Servings: 8
Notes: This was from an old friend Mary Mack and everyone loved it and thought it was wonderful. So that is how it got it's name. This is my favorite, especially around the holidays. Adding fresh fruit is the best! You can put all different types. Some great additions are raspberries, fresh pineapple, or strawberries (I love these the best and always include them when I can).
Ingredients:
Salad
1/4 cup caramelized almonds
11 oz can of mandarin oranges, drained
1 cup diced celery
1 tablespoon fresh chopped parsley (very important do not omit)
2 scallions chopped or green onions
1 head of iceberg lettuces
1 bag fresh spinach
Dressing
1/2 teaspoon salt
2 tablespoons sugar
2 teaspoons red wine vinegar
1/4 cup oil made up of 1/8 c vegetable and 1/8 c olive oil
Caramelized Almonds
1 1/4 cups almonds is used in salad However, you can make a larger amount and store in air tight container for long time. (Yea good luck with the long time part. I never last long)
For every 1/4 cup of almonds use 2 tablespoons of white granulated sugar.
Instructions:
Salad
Break up and mix all ingredients together.

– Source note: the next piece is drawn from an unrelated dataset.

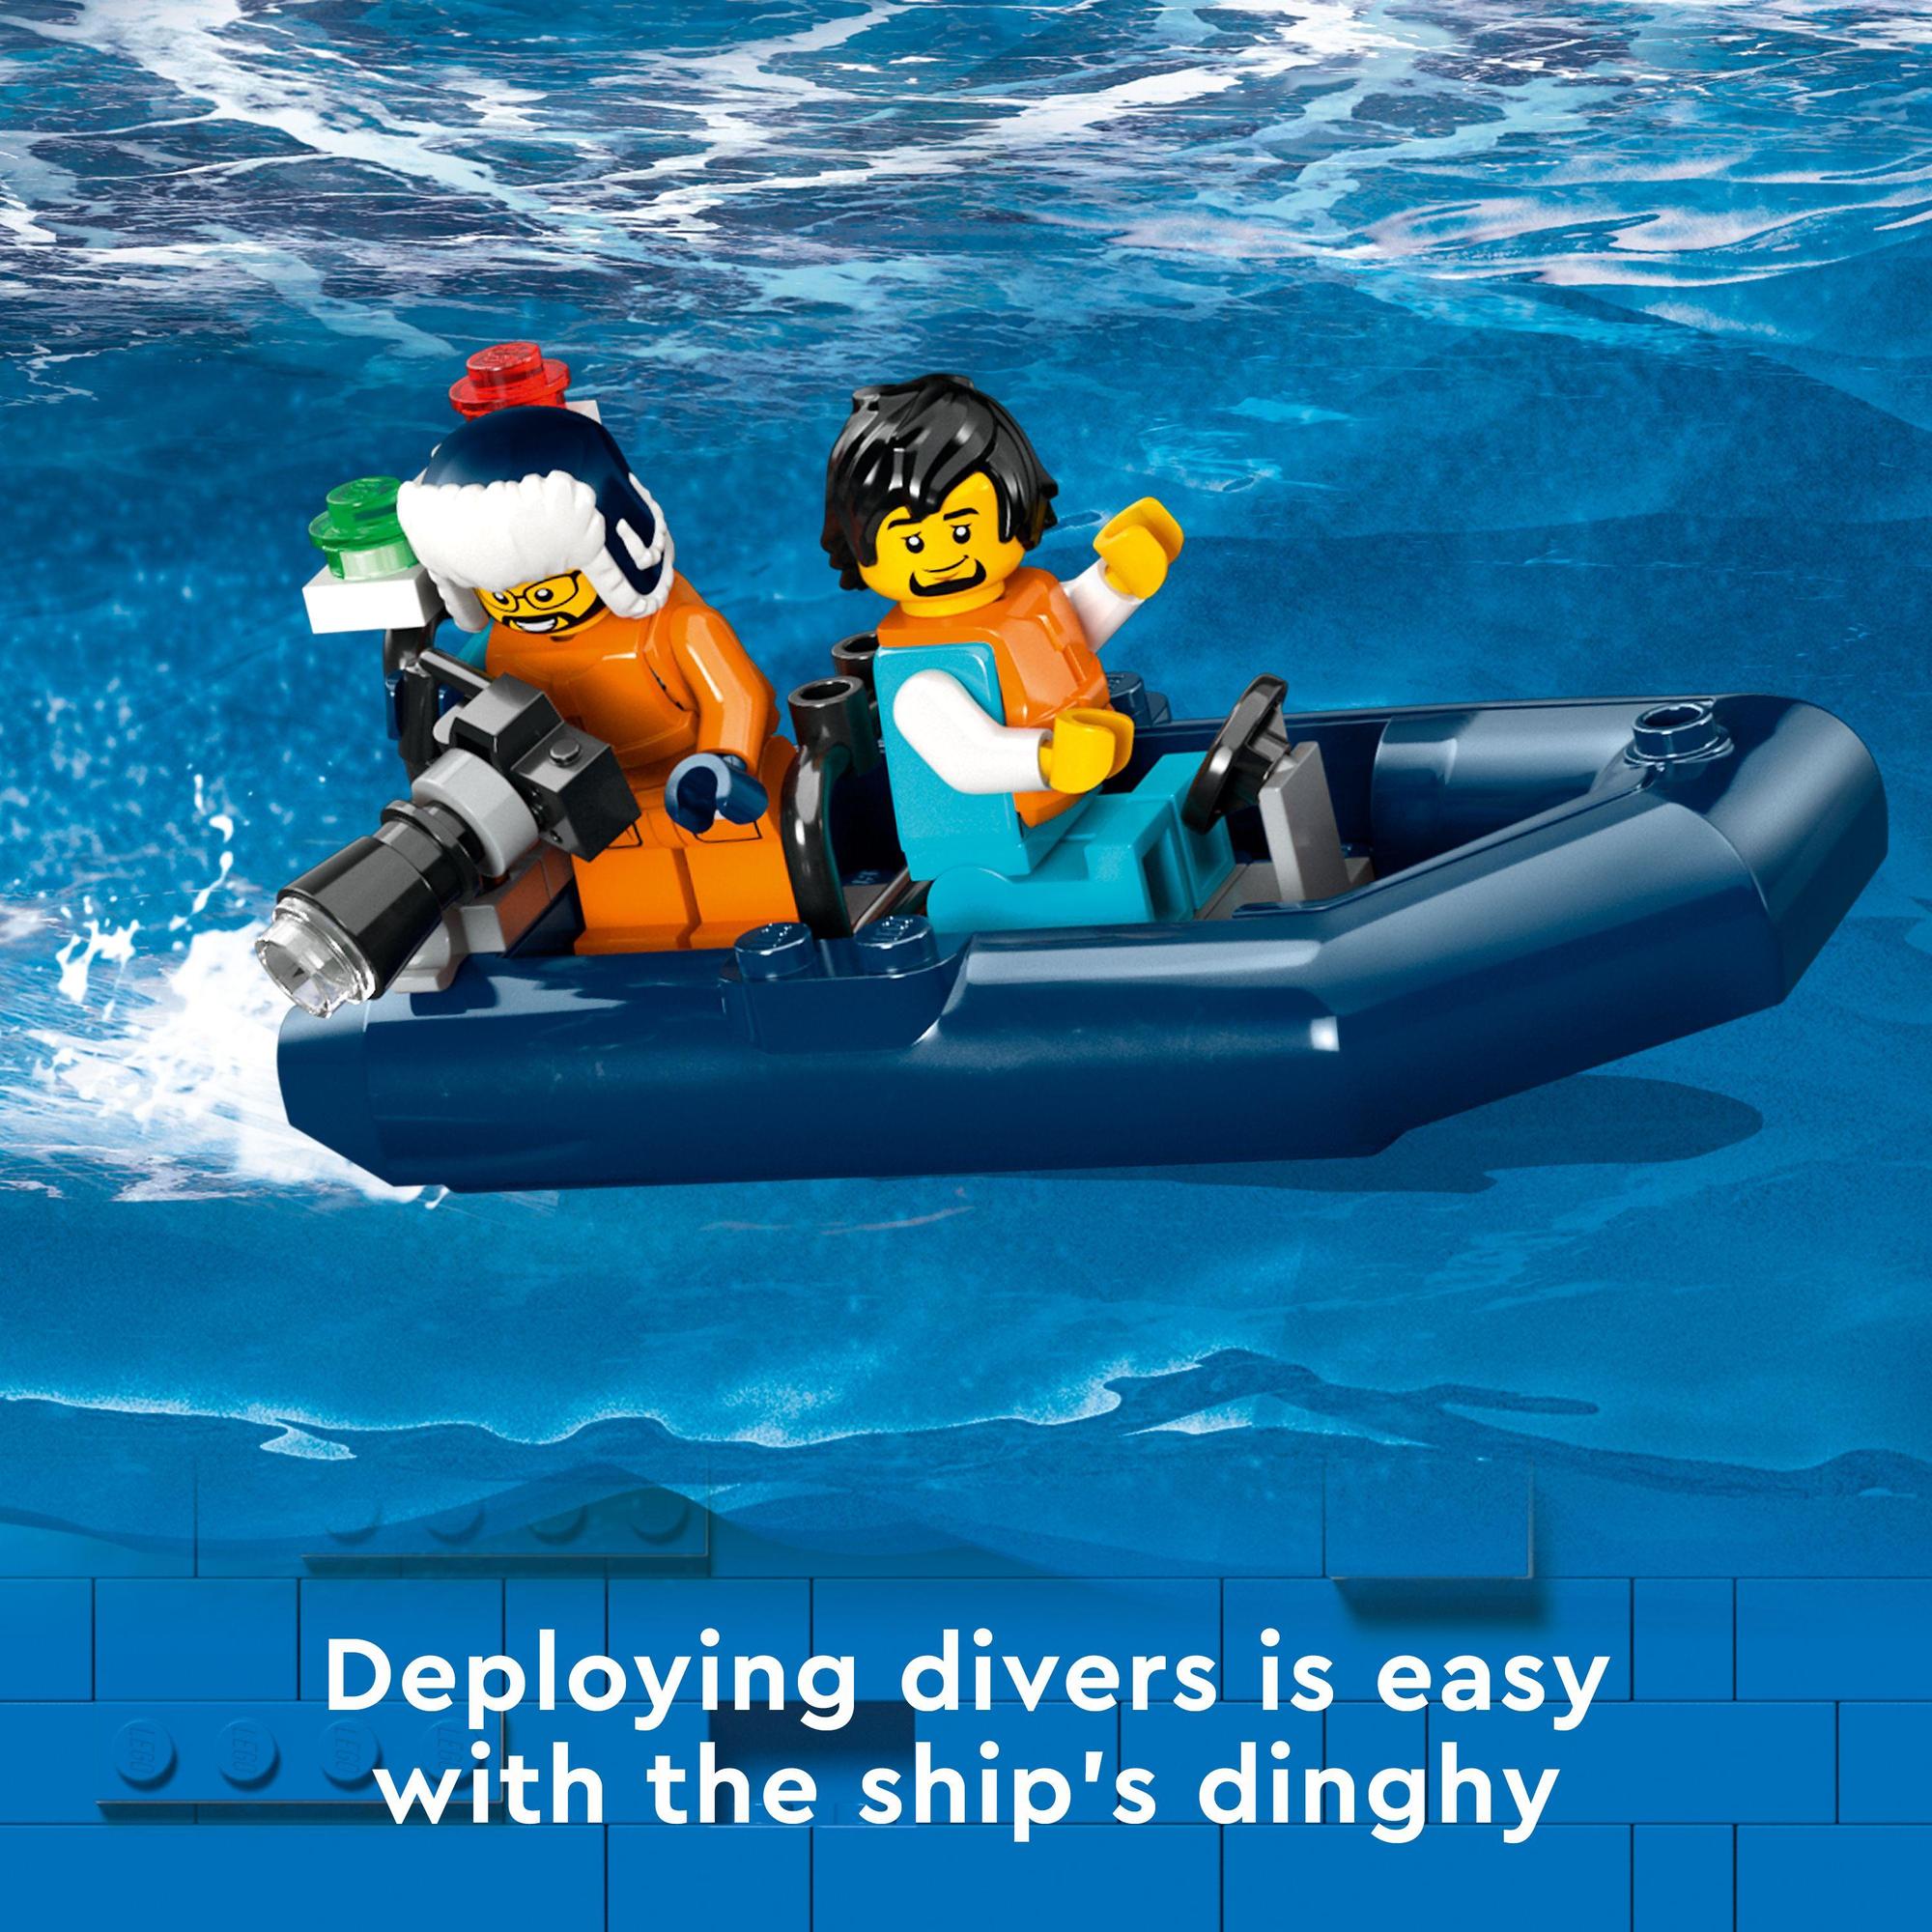 LEGO City 60368 Đồ chơi lắp ráp Tàu thám hiểm bắc cực (815 chi tiết)

Dressing:Mix well together all ingredients and toss on slad just before serving.
This salad tastes much better dressed than having the dressing on the side!
Caramelized Almonds
In a non-stick pan at medium heat melt sugar -STIR CONSTANTLY- make sure you do not burn or have turn dark brown. When melted, QUICKLY take off heat and mix almonds with glaze and QUICKLY put on to glass bowl or plate. If you let stand too long it will stick to the pan and become very hard to come off.( If you have some glued to the pan place the pan back on stove with water. Bring to boil until sugar is dissolved. ) Place almonds in plastic bag and break up
Place the almonds on salad just before serving.